I say this because, one of the really annoying things about CreateThread in general (and the CreateRemoteThread variant) is that you cannot map the stack memory yourself. This isn’t a huge deal in ordinary programming, but it can be annoying when you’re trying to write your own execution environments.
So in a perfect world, perhaps we’d also get
HANDLE CreateZeroThread( [in] HANDLE hProcess, [in] LPVOID lpStackAddress, [in] LPTHREAD_START_ROUTINE lpStartAddress, [in, optional] LPVOID lpParameter, [in] DWORD dwCreationFlags, [in, optional] LPPROC_THREAD_ATTRIBUTE_LIST lpAttributeList, [out, optional] LPDWORD lpThreadId );
which would allow you to handle the stack yourself. Furthermore, if it made the implementation easier on the kernel, perhaps CreateZeroProcess processes could be restricted to only CreateZeroThread threads, so you could cabin off that part of the API and make it specific to secure processes.
I’m assuming there must be something wrong with this design, because it seems too simple and useful to not have happened already. But I can’t quite think of a practical reason it wouldn’t be feasible.
It does take some work, to be sure - but it seems like it would take significantly less work to implement than the vast array of piecemeal mitigations that have been steadily added since Windows 2000.
And unlike all those mitigations, it seems like this would actually have a good chance of remaining secure over time, since it starts from a clean slate and adds only the very minimum necessary to work, rather than trying to continually remove things as they are found to be exploitable.
Furthermore, it would be somewhat difficult for a programmer to misunderstand something about this design. CreateZeroProcess creates a process that basically can’t do anything, and the programmer then has to add capabilities to it by proxying system calls through a memory communication channel to the parent process. If they don’t understand something, they can just not proxy that thing, and be assured it won’t cause them a security headache.
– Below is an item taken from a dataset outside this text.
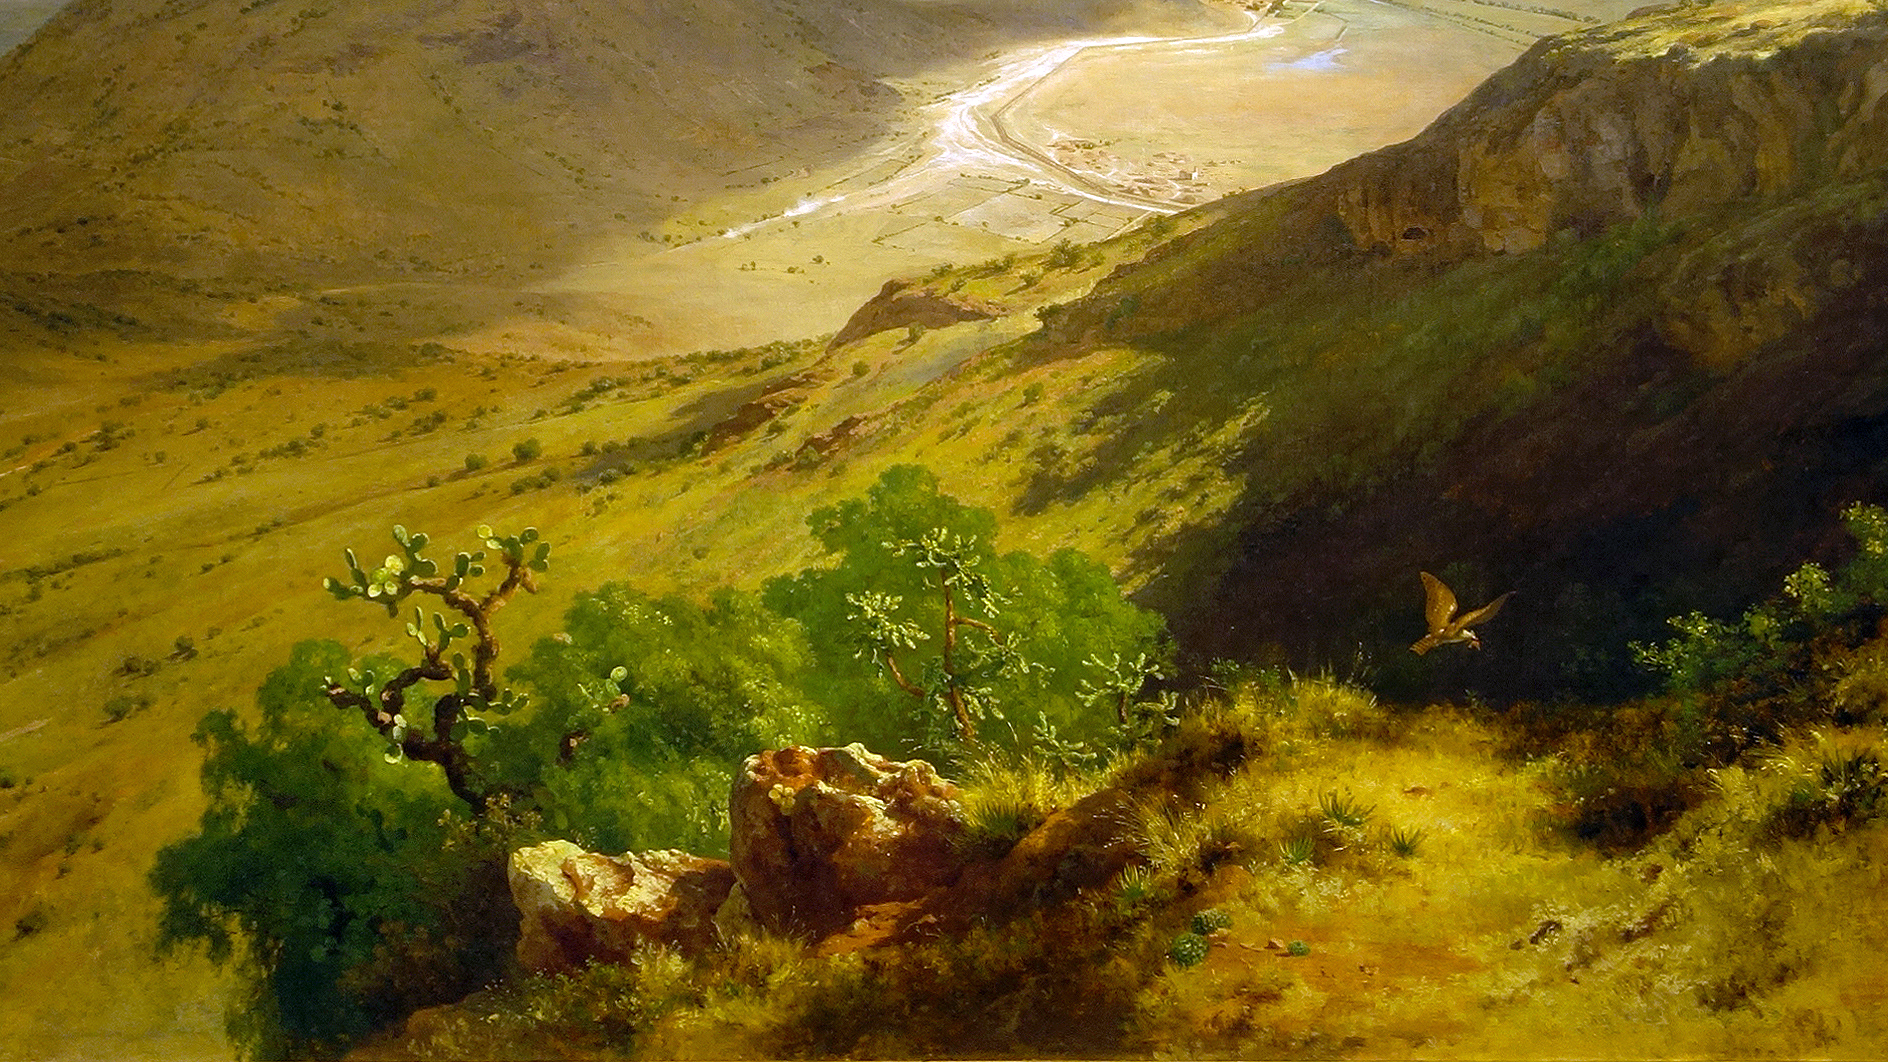 Detail of José María Velasco, The Valley of Mexico (Valle de México), 1877, oil on canvas, 160.5 x 229.7 cm (Museo Nacional de Arte, INBA, Mexico City)

By contrast, the current Windows sandbox model is highly error-prone. It involves so many security-specific concepts that it’s unlikely anyone really understands them all well enough to write and maintain secure code. If you don’t believe me, try reading this description of a Chrome sandbox exploit that arose due to one line change Microsoft made to Windows! The sheer number of elements involved is staggering.
The closest thing I know of might be CreateRestrictedToken, AdjustTokenGroups, and AdjustTokenPrivileges, but those doesn't quite fit the bill. There's a bit more info on Pico processes at https://fourcore.io/blogs/how-a-windows-process-is-created-part-1 that you might find interesting.
I have only read this article and the comments section. And I'm not a systems programmer so I know basically nothing about OS'es. So, what I'm asking might be trivial or just nonsense...
I have tried to read the code of the v8 engine with limited success. I have not seen anything that would be along the lines of checking for syscalls. All I saw was the language they have (torque) implementing the ecma spec in phrasing that is close to the spec itself, and then c++ implementations of the the algorithms that support functions like 'indexOf`, `replace` etc.
2. How did you know where to look for determining that chromium doesn't use anything like a process you are suggesting? I also tried to read the code of chromium, but its so huge I couldn't figure out where to even start. I guess if I had to look for it I could grep the whole project for something like a platform layer and look in those files. I think I saw at least one switch statement somewhere that looked like it was checking for macos, windows and linux. Is that what you did?